Selain menyebabkan kerusakan bangunan, gempa bumi ini juga menelan korban jiwa. BPBD mencatat satu orang meninggal dunia, 13 orang mengalami luka berat, dan 63 orang lainnya menderita luka ringan. Korban meninggal dunia berasal dari Desa Ampera, Kecamatan Palolo, Kabupaten Sigi. Dua warga di Kota Palu dilaporkan mengalami luka ringan.
 

Baca Juga :

1.834 Kepala Keluarga Terdampak Gempa Sulteng

 


Andi Sembiring menambahkan BPBD Sulawesi Tengah bersama BPBD kabupaten/kota terdampak terus melakukan pendataan serta penanganan darurat bagi warga yang menjadi korban gempa.

"Saat ini fokus penanganan diarahkan pada pemenuhan kebutuhan dasar masyarakat terdampak. Logistik kebencanaan sudah mulai disalurkan dan koordinasi dengan seluruh pihak terkait terus dilakukan," jelas Andi.

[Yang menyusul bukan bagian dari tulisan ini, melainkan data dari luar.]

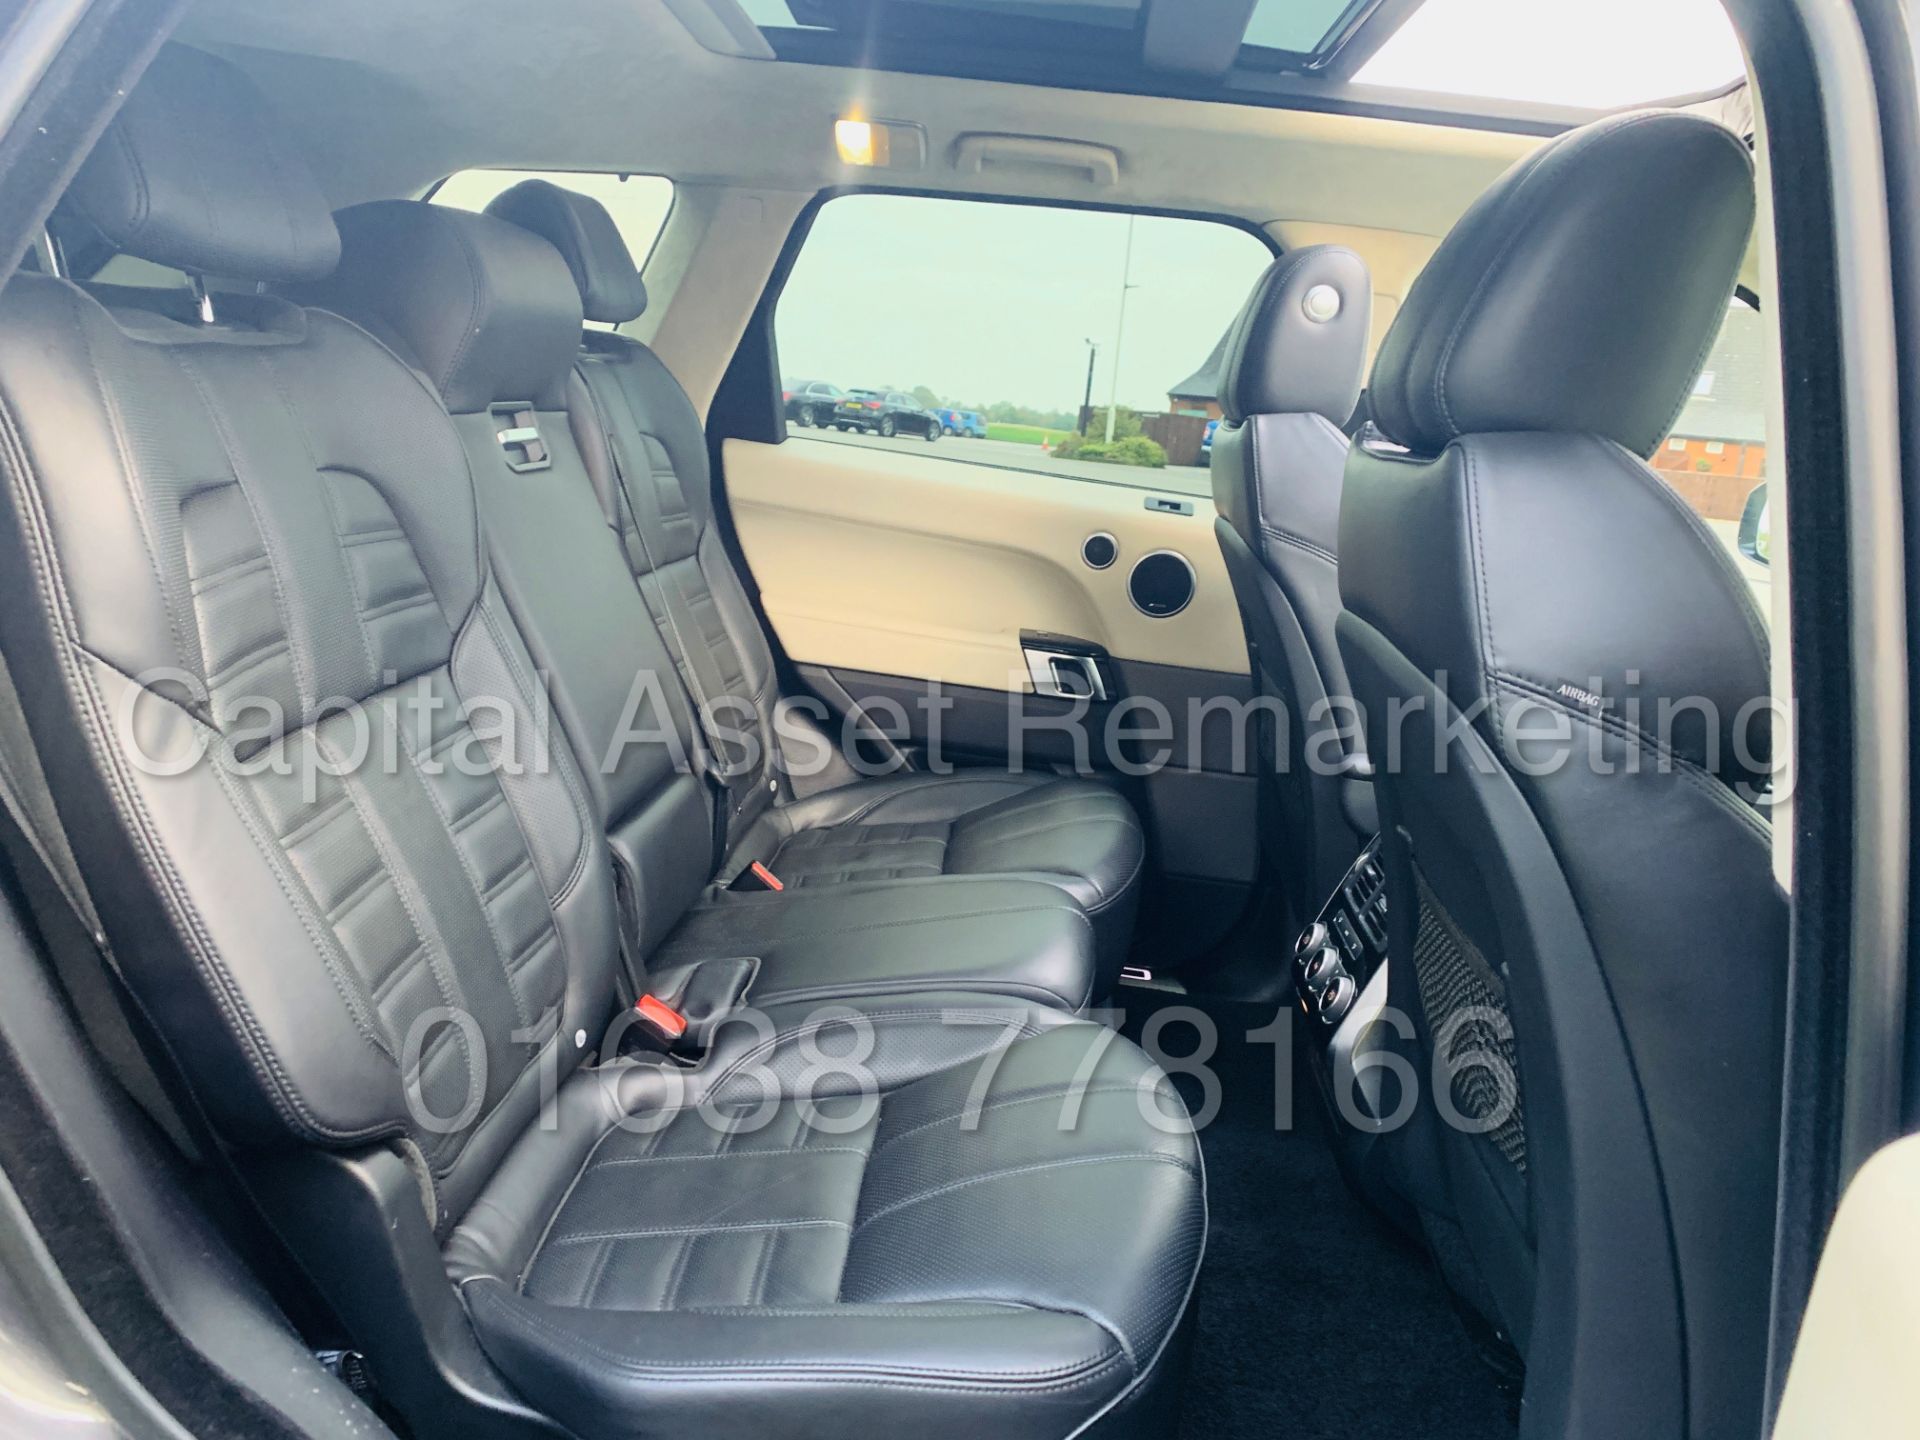 (ON SALE) RANGE ROVER SPORT "AUTOBIOGRAPHY DYNAMIC" 3.0 SDV6 AUTO - ULTIMATE SPEC - 16 REG -1 KEEPER - Image 39 of 70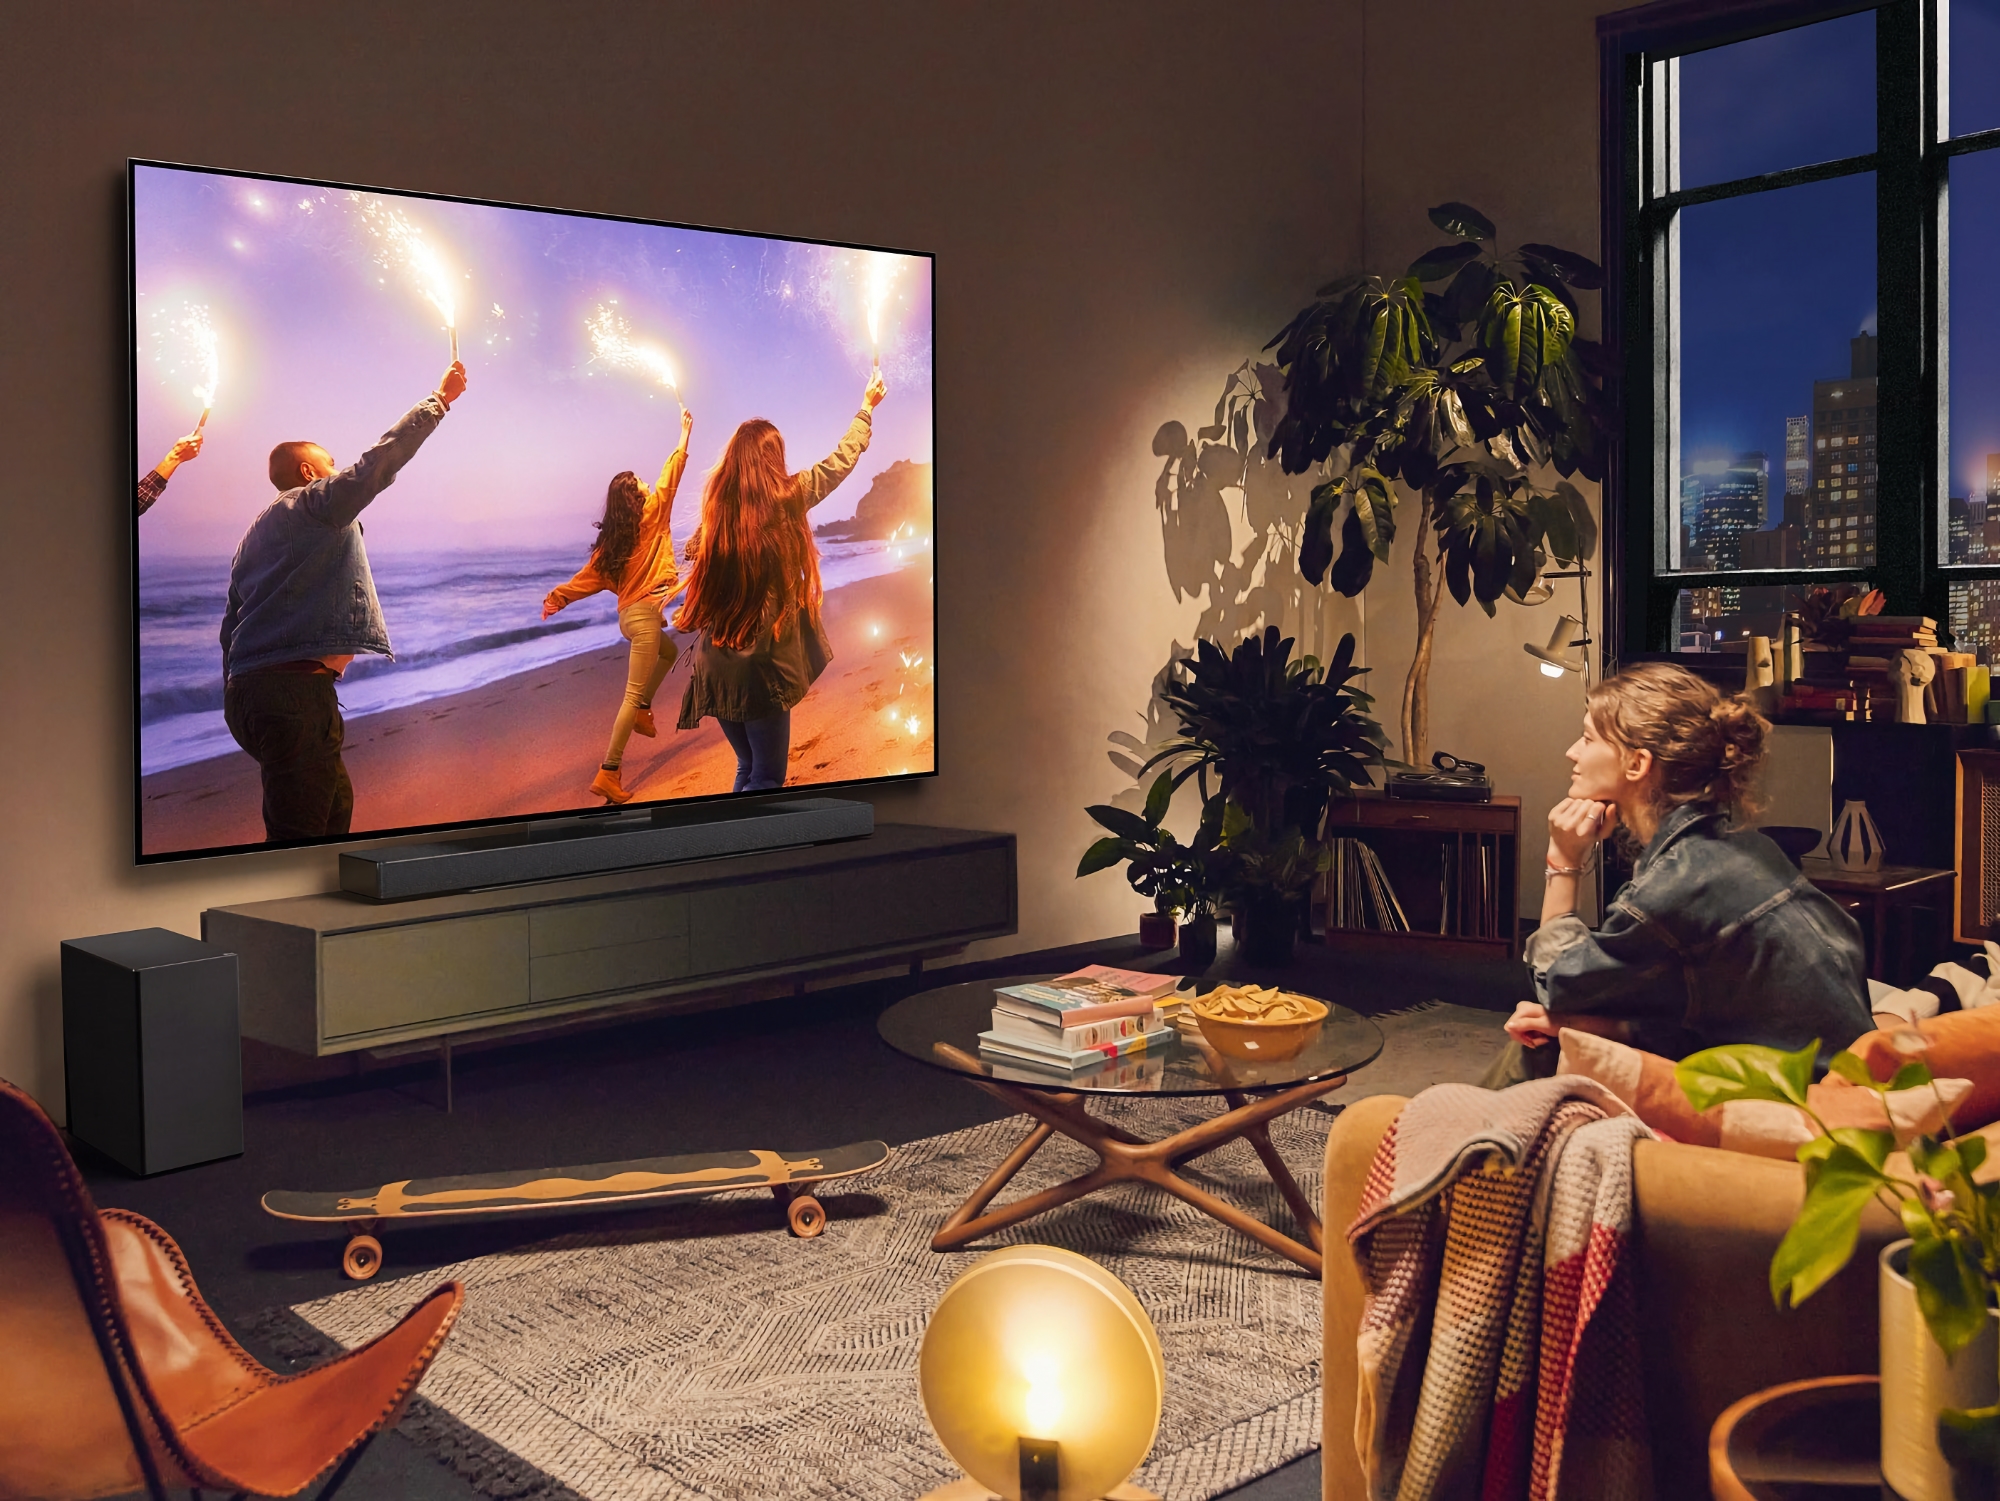 LG OLED evo C4 and G4: a range of gaming TVs with 4K screens from 42" to 97" and 144Hz refresh rate support

Untuk mempercepat respons darurat, BPBD Sulawesi Tengah berkoordinasi dengan BPBD kabupaten/kota terdampak, TNI, Polri, serta instansi terkait. Asesmen lapangan dan pendataan dampak bencana terus digalakkan.


Rumah warga di Kabupaten Sigi rusak dampak dari gempa magnitudo 6'7 mengguncang Kota Palu dan sekitarnya, Selasa, 16 Juni 2026. ANTARA/HO-BPBD Sulteng

Pemerintah telah menyalurkan logistik kebencanaan dan tenda darurat ke wilayah terdampak. Kodam XXIII/Palaka Wira mengirimkan empat unit tenda dan 50 velbed ke RS Samaritan Palu. Selain itu, lima unit tenda, 150 velbed, dan satu unit dapur lapangan dikirimkan ke Posko Kecamatan Nokilalaki.

Stasiun Geofisika BMKG Palu mencatat hingga Rabu, 17 Juni 2026, pukul 08.30 WITA, telah terjadi 466 kali gempa susulan pascagempa utama M 6,7 yang berpusat di wilayah Sausu, Kabupaten Parigi Moutong.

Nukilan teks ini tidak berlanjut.